Project Brainstorming for 10-802 in Spring 2010

From Cohen Courses
For the sake of sanity, perhaps it is best to have the basic framework of each idea described in this page. Each person can create a new entry with the ==Name== syntax.

For actual discussion of a topic that you are interested in, take it to the 'Discussion' page (2nd tab on the top of this screen)

Skyler's Potential Ideas

I'll just come out and say that I'm probably one of the few people in the course that is not interested in NLP problems of social media. I hope that doesn't make me an outcast :p

My current research area involves developing new methods to scan through graph-based datasets looking for 'anomalous patterns' in connected components of the data. 'Anomalous patterns' is left intentionally vague, but in the most basic sense you could think of it as elevated levels of activity. That doesn't have to be the case though. I'm currently looking for new datasets to try out the algorithm (and tune it some more) and I think data from social media could be an excellent source. Please let me know if you have any ideas for data. (IE: is there a particular set of blogs (where edges represent links between them) that have higher than expected readership for a given hour/day/week)

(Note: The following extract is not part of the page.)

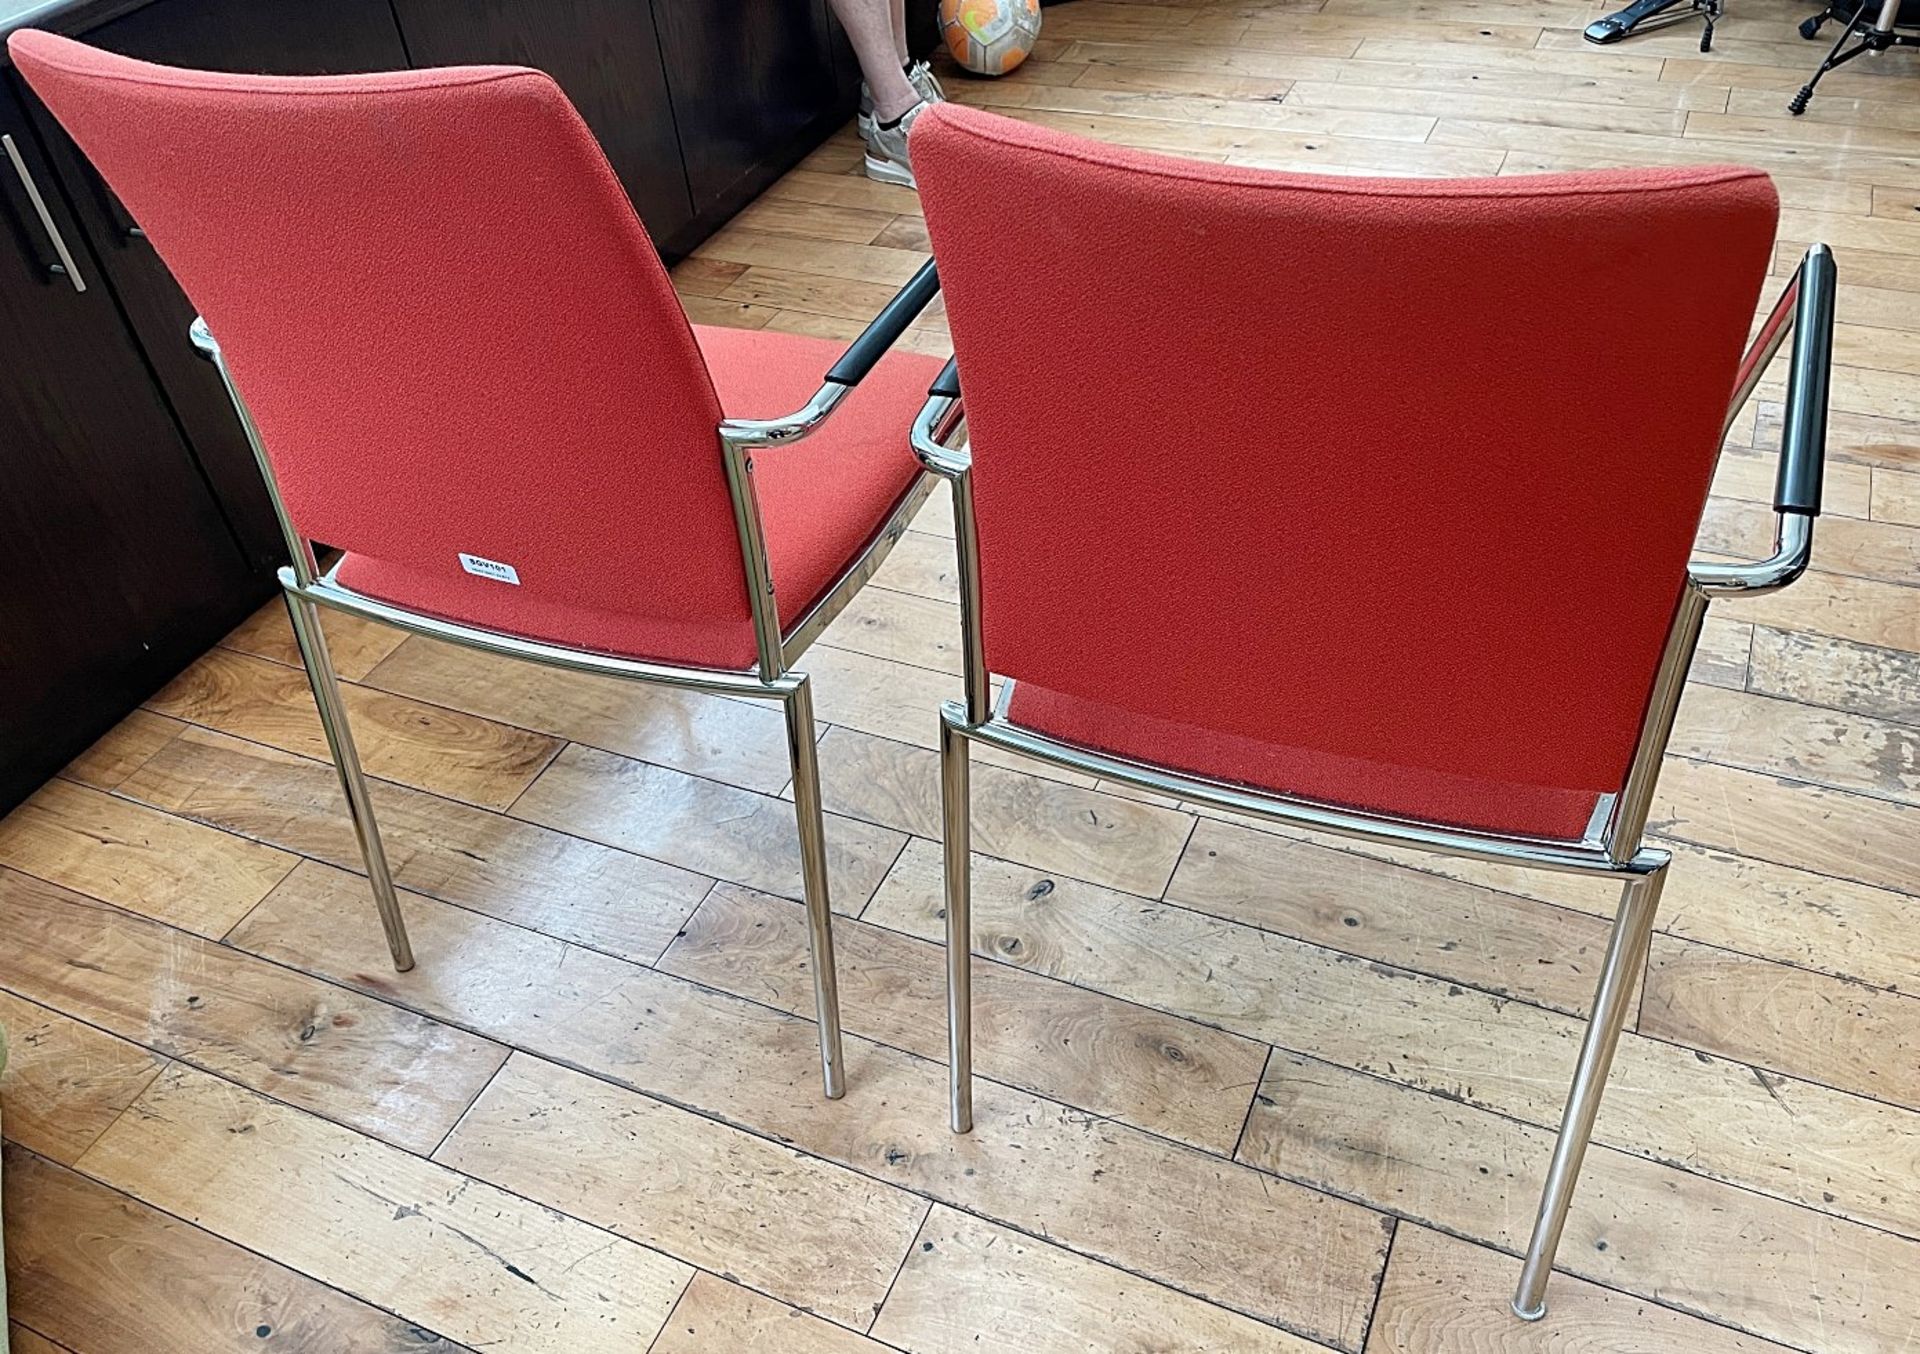 A Pair Of CARLO Stacking Chairs With Arms In Chromed Steel - NO VAT ON THE HAMMER - Image 5 of 8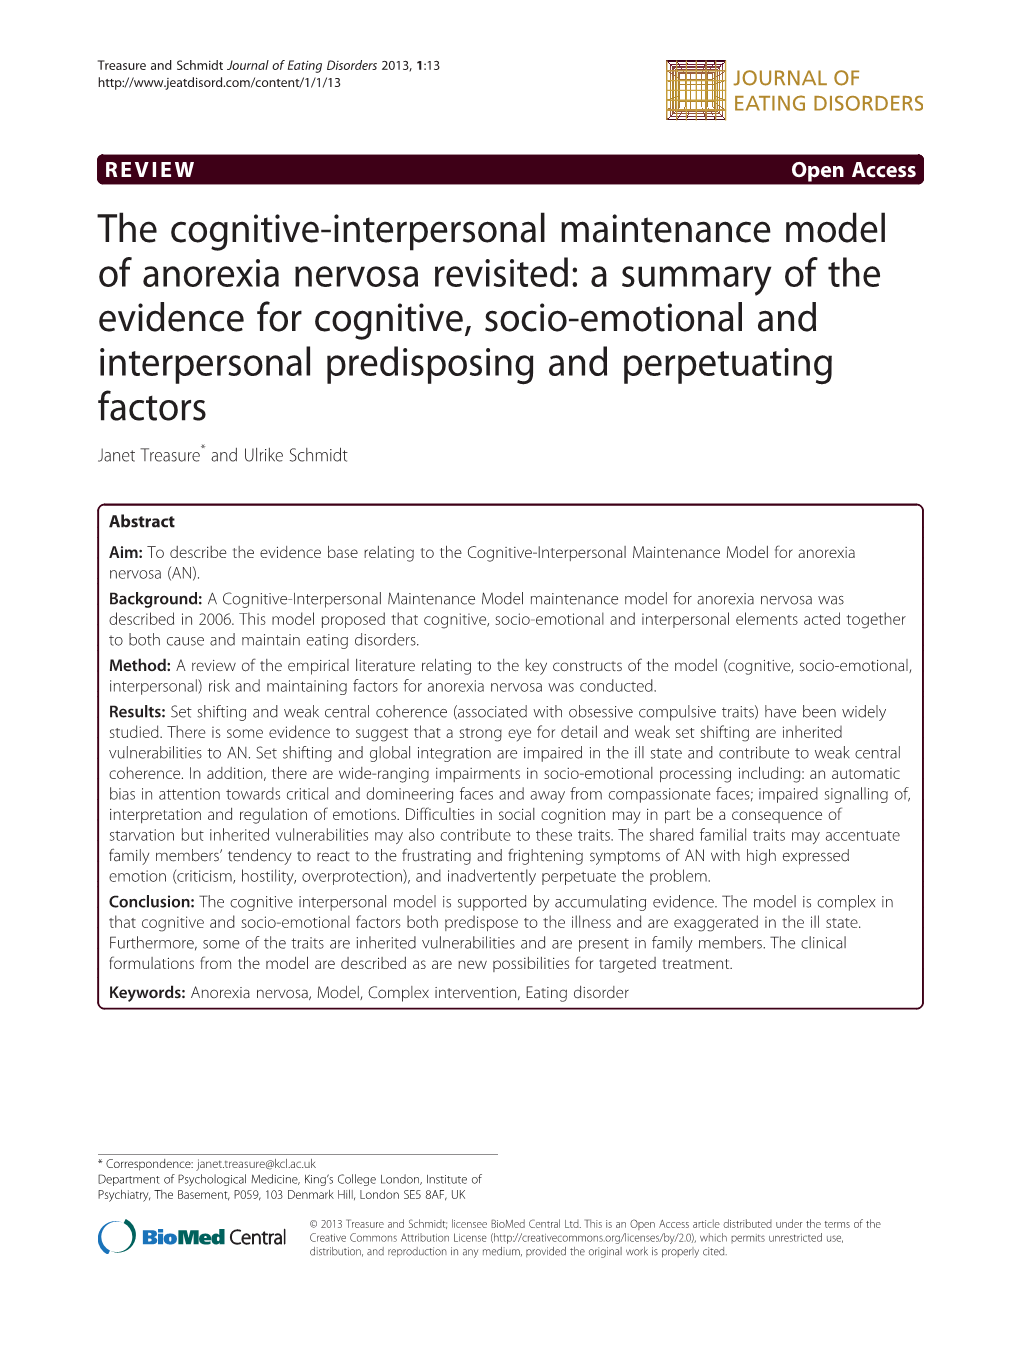 The Cognitive-Interpersonal Maintenance Model of Anorexia

I'm also interested in building on Luis von Ahn's idea of human computation. However, instead of accessing the power of individuals (or couples of individuals rather), can we instead ask/answer questions that would benefit from the role of 100+ users interacting together. Human Computation + Wisdom of Crowds = Social Computation?

Brendan's stuff

Sky, I don't think the class is predominantly NLP-focused?

here are two datasets i have that anyone is welcome to use:

I have a fairly large tweet scrape lying around (500 million messages, 5 bilion words, user profiles, but *no* social graph info) if anyone wants to use it.

I also have data from, a now-defunct face photo rating site that I like to call "multivariate Hot-or-Not." see my webpage for a paper on it, i'm sure people can think of many more things to do with it. tags, friends, images, and judgments on attractiveness, age, gender, race, politics, and other interesting things.

Peter's Stuff

Hey all, just stealing some notes I'd made on my user page. They may be of interest to some of you.

Some sites/communities on which one might want to do a project

  • - Community generated music rankings; this is music detection as a social phenomenon.
  • Discogs - A community-generated archive of albums and artist relationships. User ratings for albums, comments, etc.
  • Wikipedia - Need we mention wikipedia? It's critical, and there's still plenty to be done with it. But perhaps it's also boring. (Although I do like the idea of trying to figure out hot topics and political issues based on edit wars. Perhaps someone has already done so?)
  • facebook - Another obvious choice, provided you can legally get the data.
  • wow.allakhazam - A large repository of data from World of Warcraft. Also an excellent source of data to analyze, but you might want to pair it with some other information, such as The Armory
  • Encyclopedia Dramatica - Highly NSFW. Filled with descriptions of both memes and internet drama from standpoints ranging from the nonpartisan to the extremely biased. If you are curious about such events, this is one of the few sources of information, but computationally reducing it to a non-partisan collection of data will be quite a task.
  • Metafilter - An old, well-established online community. I don't know that it's ever been the hippest of sites, but perhaps that's part of its long-term success. As much as looking at a hot, new website or data source is a cool idea, an established online community may give us more information about our use of social media.

Some questions/projects one might want to think about examining

  • How do different types of forum software (such as phpBB as compared to MediaWiki or image board software such as Wakaba) engender different kinds of online interaction? How is the community a product of the technology?
  • A thorough comparison of a community's history of event in contrast with the event's history as logged in social media. (Or how different sites have preserved different histories of the same event; say, a comparison of the history of the 2008 campaign as logged on Wikipedia and Conservapedia.
  • What does it mean to troll? Can we automatically identify trolls?
  • How does the circulation of bittorrent files compare with the popularity of media in billboard charts? How is pirate pop culture similar/divergent to/from mainstream pop culture?